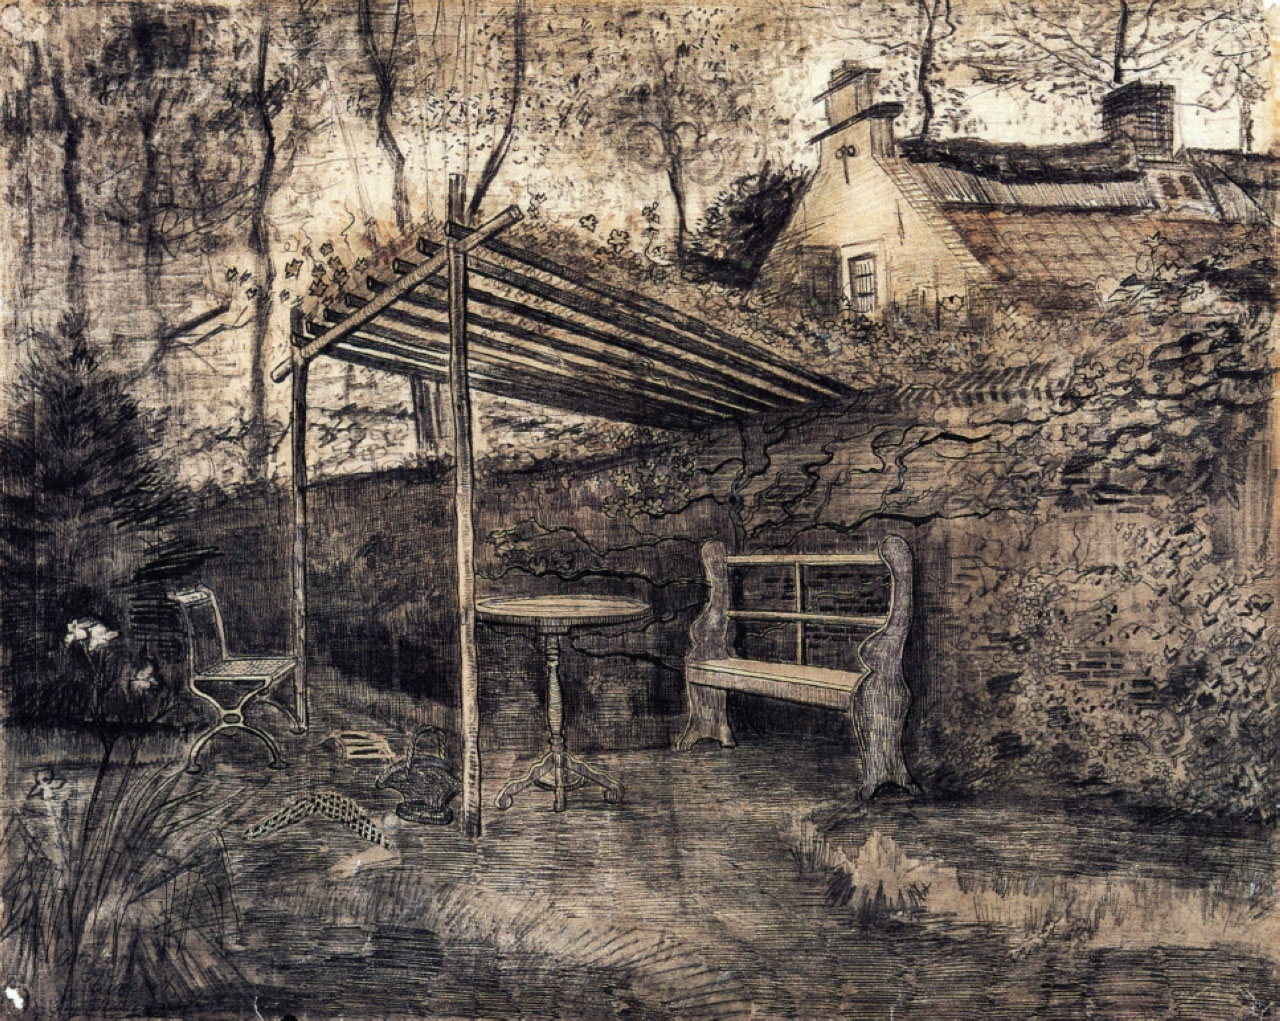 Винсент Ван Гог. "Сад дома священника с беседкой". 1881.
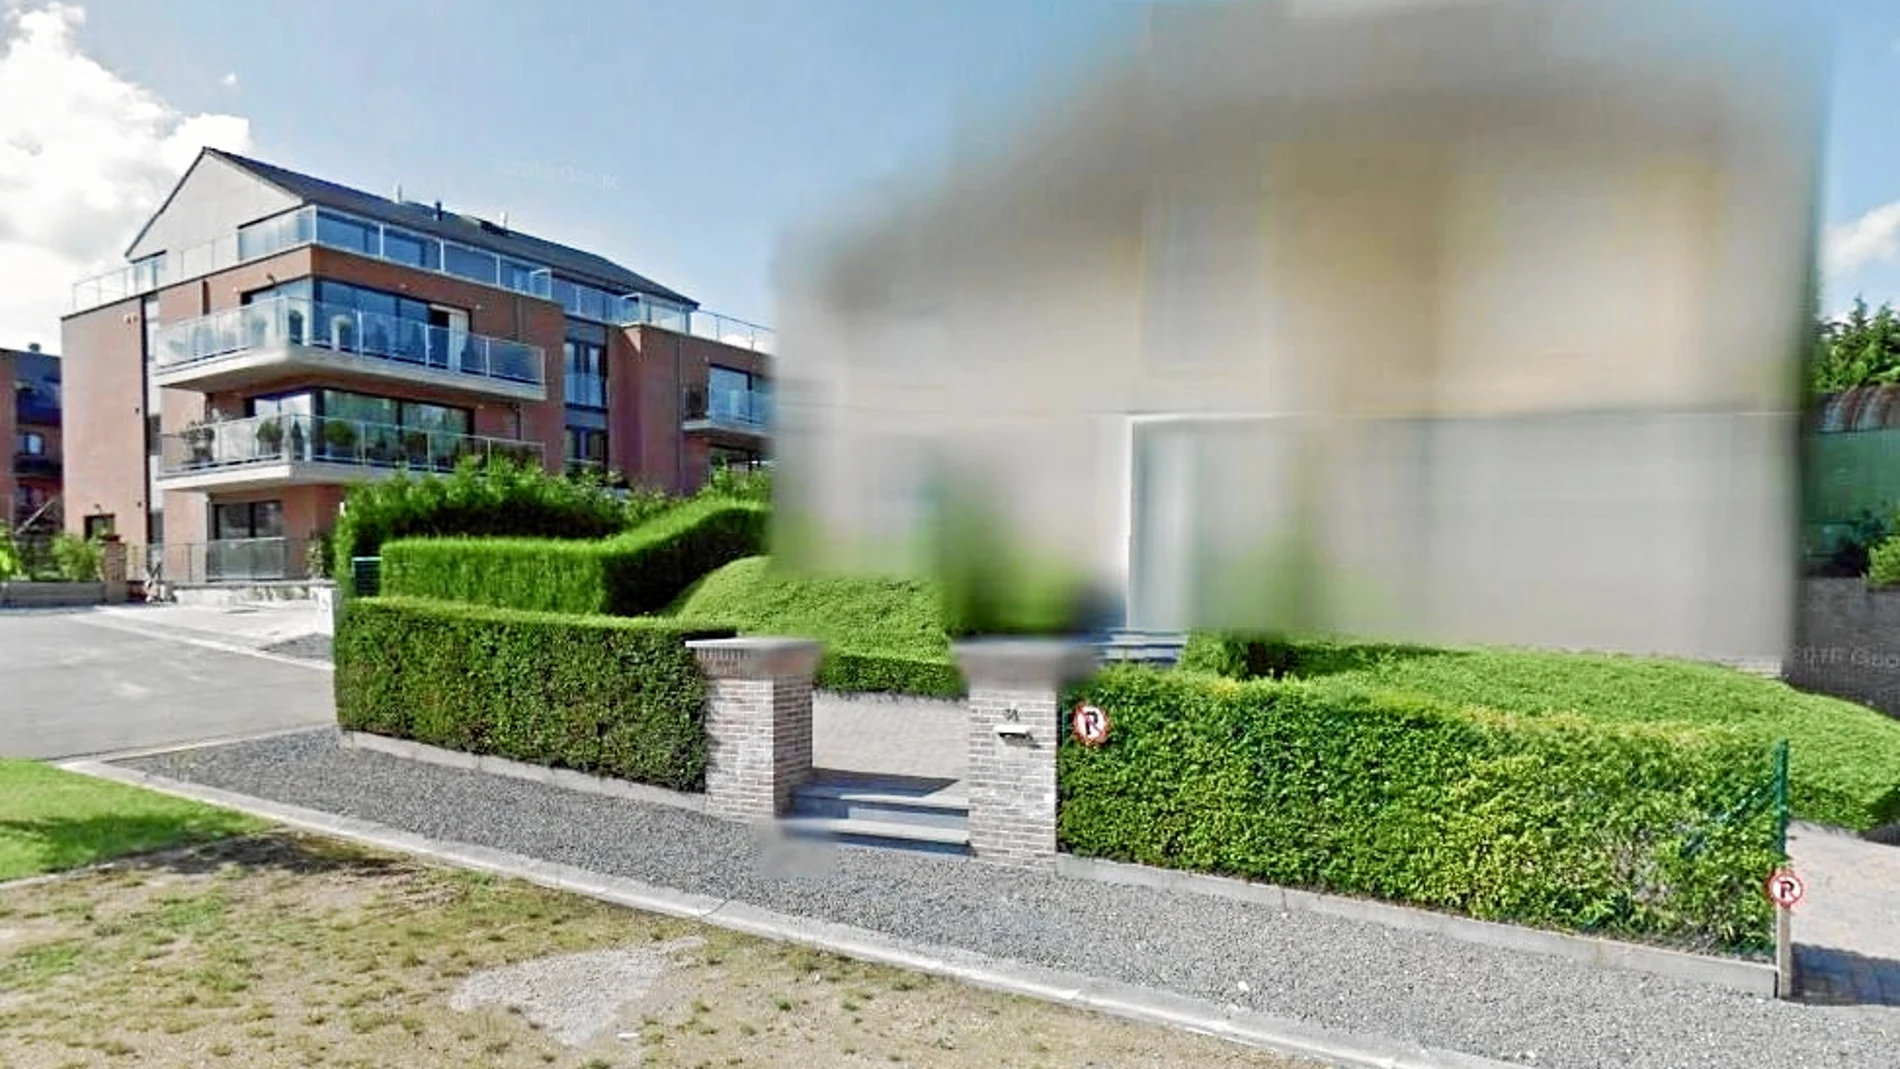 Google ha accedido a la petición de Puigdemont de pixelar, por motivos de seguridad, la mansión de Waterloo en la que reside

...

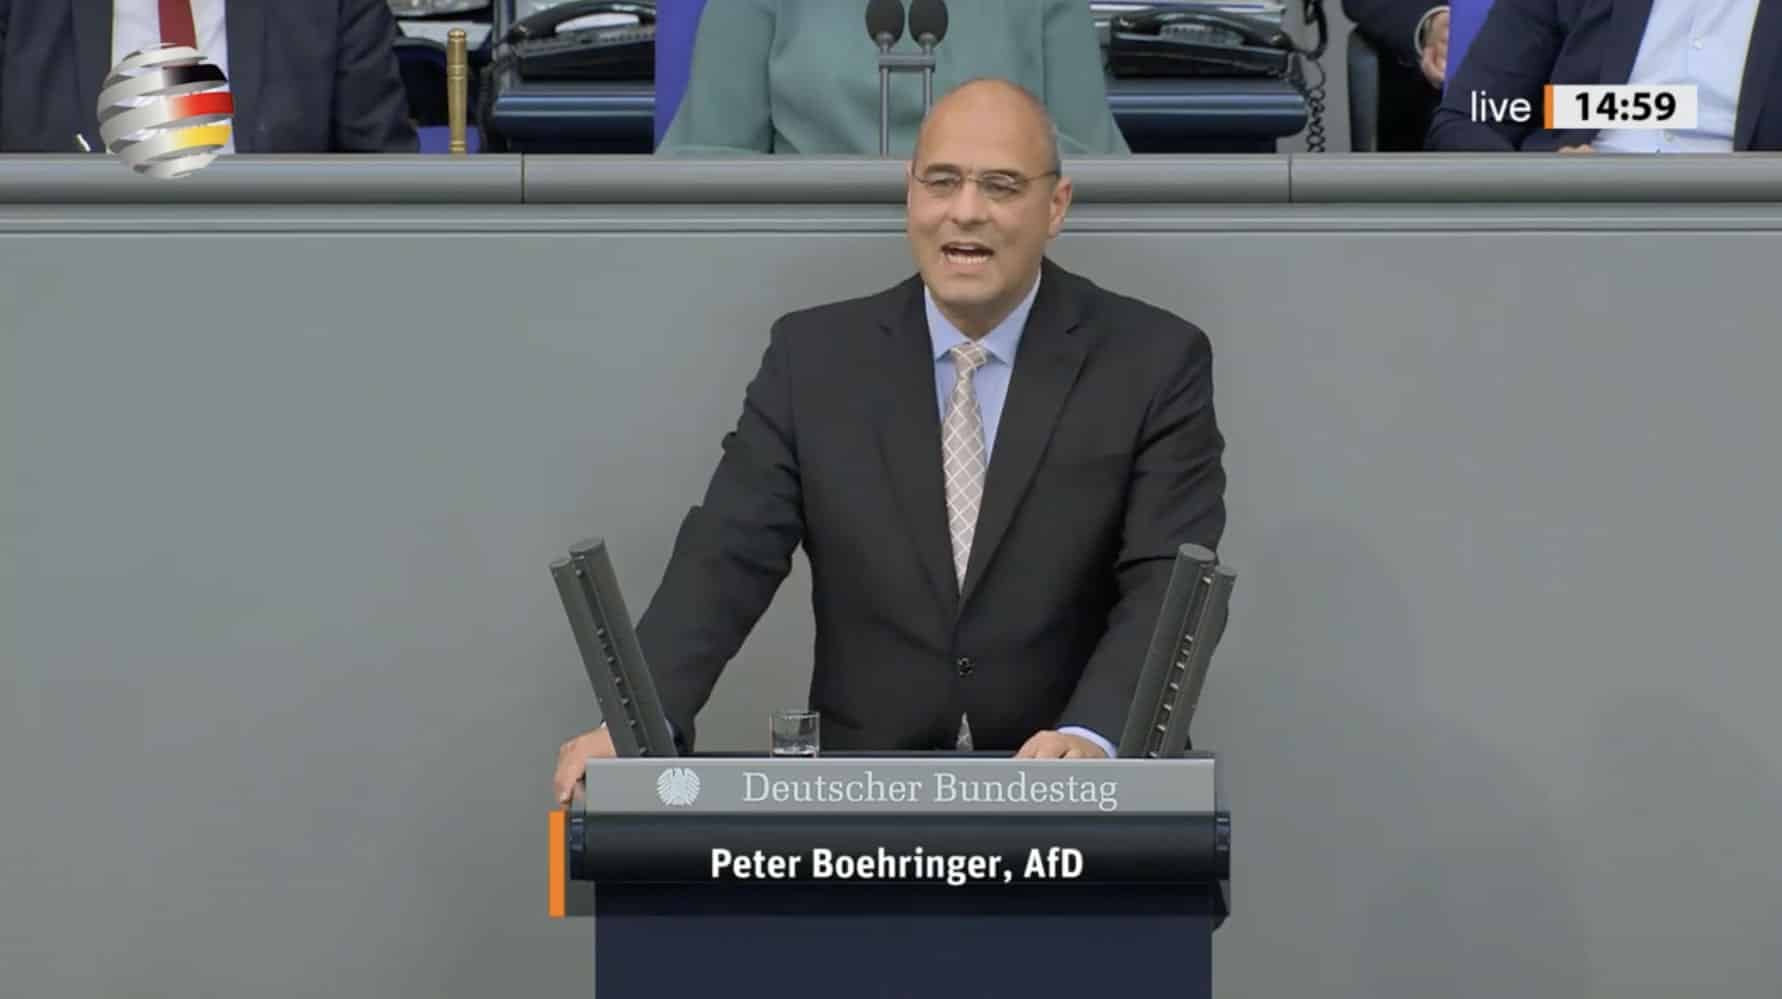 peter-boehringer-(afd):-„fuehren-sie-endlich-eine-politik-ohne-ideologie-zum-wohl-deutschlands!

- _Problem details_
Using the data above, give again exactly the lines starting at the one holding "Винсент Ван Гог." and ending at the one holding "Google ha accedido", inclusive, and nothing more. Omit the pictures.

- _Solution for this exercise_
 Винсент Ван Гог. "Сад дома священника с беседкой". 1881.
 Google ha accedido a la petición de Puigdemont de pixelar, por motivos de seguridad, la mansión de Waterloo en la que reside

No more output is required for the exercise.